I falsi tartufi italiani sono già arrivati ai consumatori: l’indagine è infatti nata da ispezioni di ristoranti e perquisizioni in aziende.

I militari hanno potuto sequestrare 300 chili di prodotto, in parte già confezionato e destinato al mercato brasiliano, posto i sigilli a due depositi clandestini di alimenti del valore complessivo di circa 700mila euro, ed elevando sanzioni amministrative per un totale di 13mila euro.

I Carabinieri hanno denunciato i titolari delle aziende coinvolte, per frode in commercio, vendita di prodotti alimentari non genuini e violazione della normativa quadro sui tartufi.
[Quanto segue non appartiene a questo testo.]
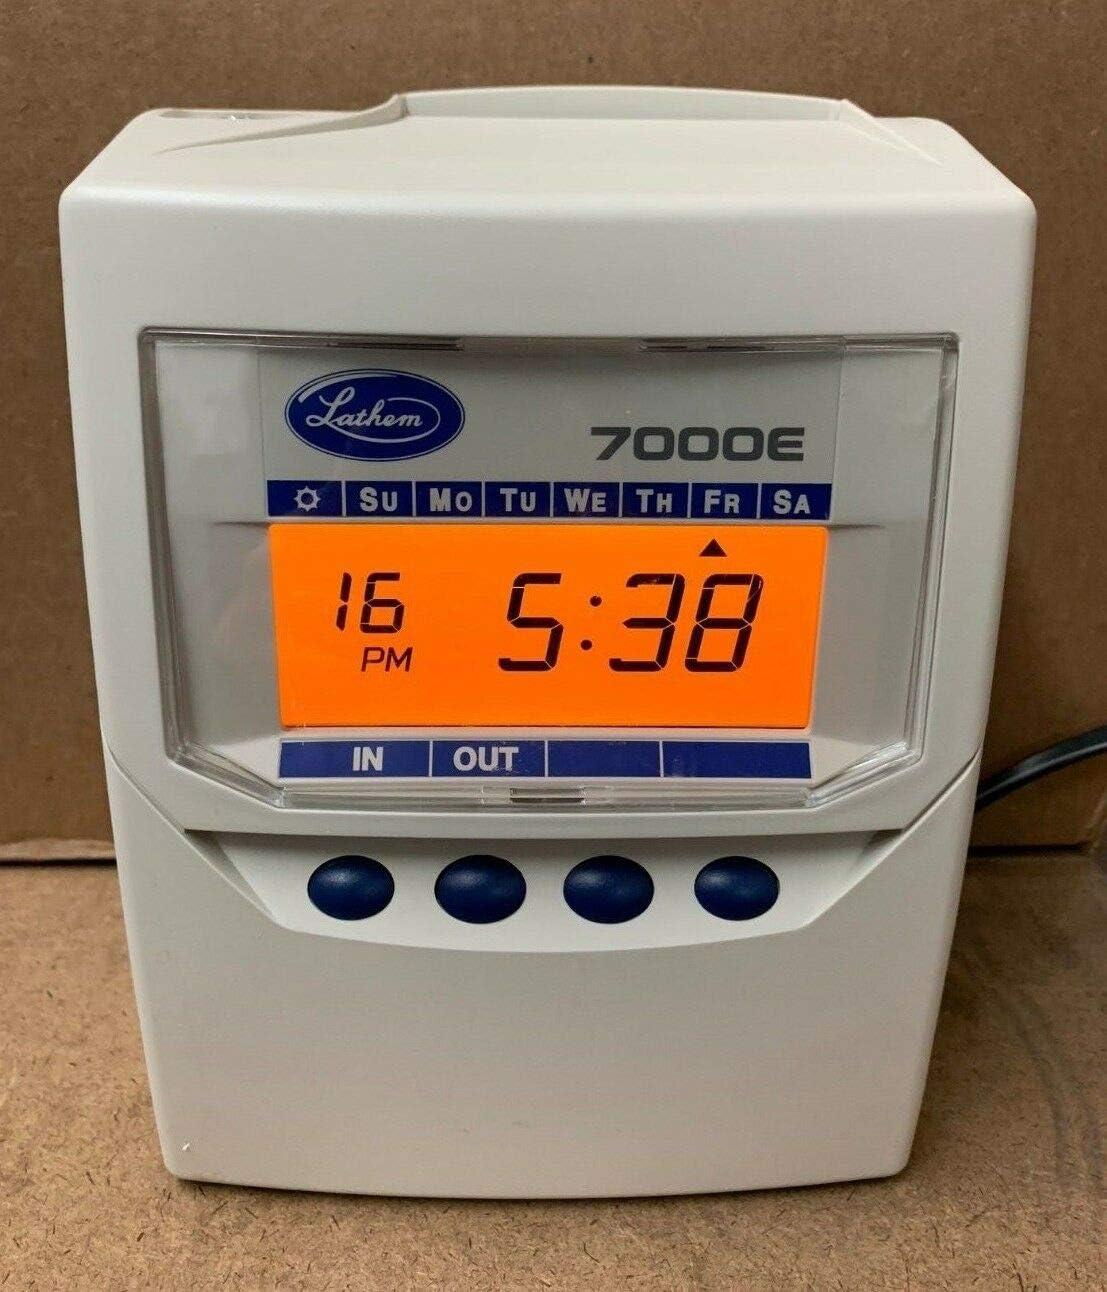 Lathem time clock 7000e user guide   manualsonline. Com.

Aldilà del caso singolo, l’episodio preoccupa in quanto testimonia l’ennesimo successo della contraffazione alimentare.

Fino a poco tempo fa, il tartufo veniva ritenuto immune da falsi e tarocchi per la complessità e la varietà dei suoi aromi e sapori. La vicenda del tartufo d’Africa smentisce tale presunta difesa, nonostante i falsari dimostrino ancora dei limiti. Incapaci di imitare efficacemente il Tartufo bianco d’Alba, essi sono costretti a ripiegare su varietà come il Bianco
d’Alba, di valore ma più modesto.

E’ però una consolazione modesta. In base ai rilievi di Coldiretti, nel 2012 le esportazioni di tartufo sono aumentate, capaci di toccare nei primi tre mesi quota 4200 chili contro i 2200 dell’intero 2011. Nonostante l’import sia operazioni lecita, il sospetto di trovarsi di fronte a merce pronta ad essere mascherata da prodotto nostrano è sempre più forte.

Il tartufo italiano è uno dei fiori all’occhiello della produzione nazionale, capace di convincere esperti ed addetti ai lavori internazionali, generando un giro d’affari di 400 milioni di euro. Ora, anche questo paradiso (di qualità e valore) sembra perduto??? no di certo!!!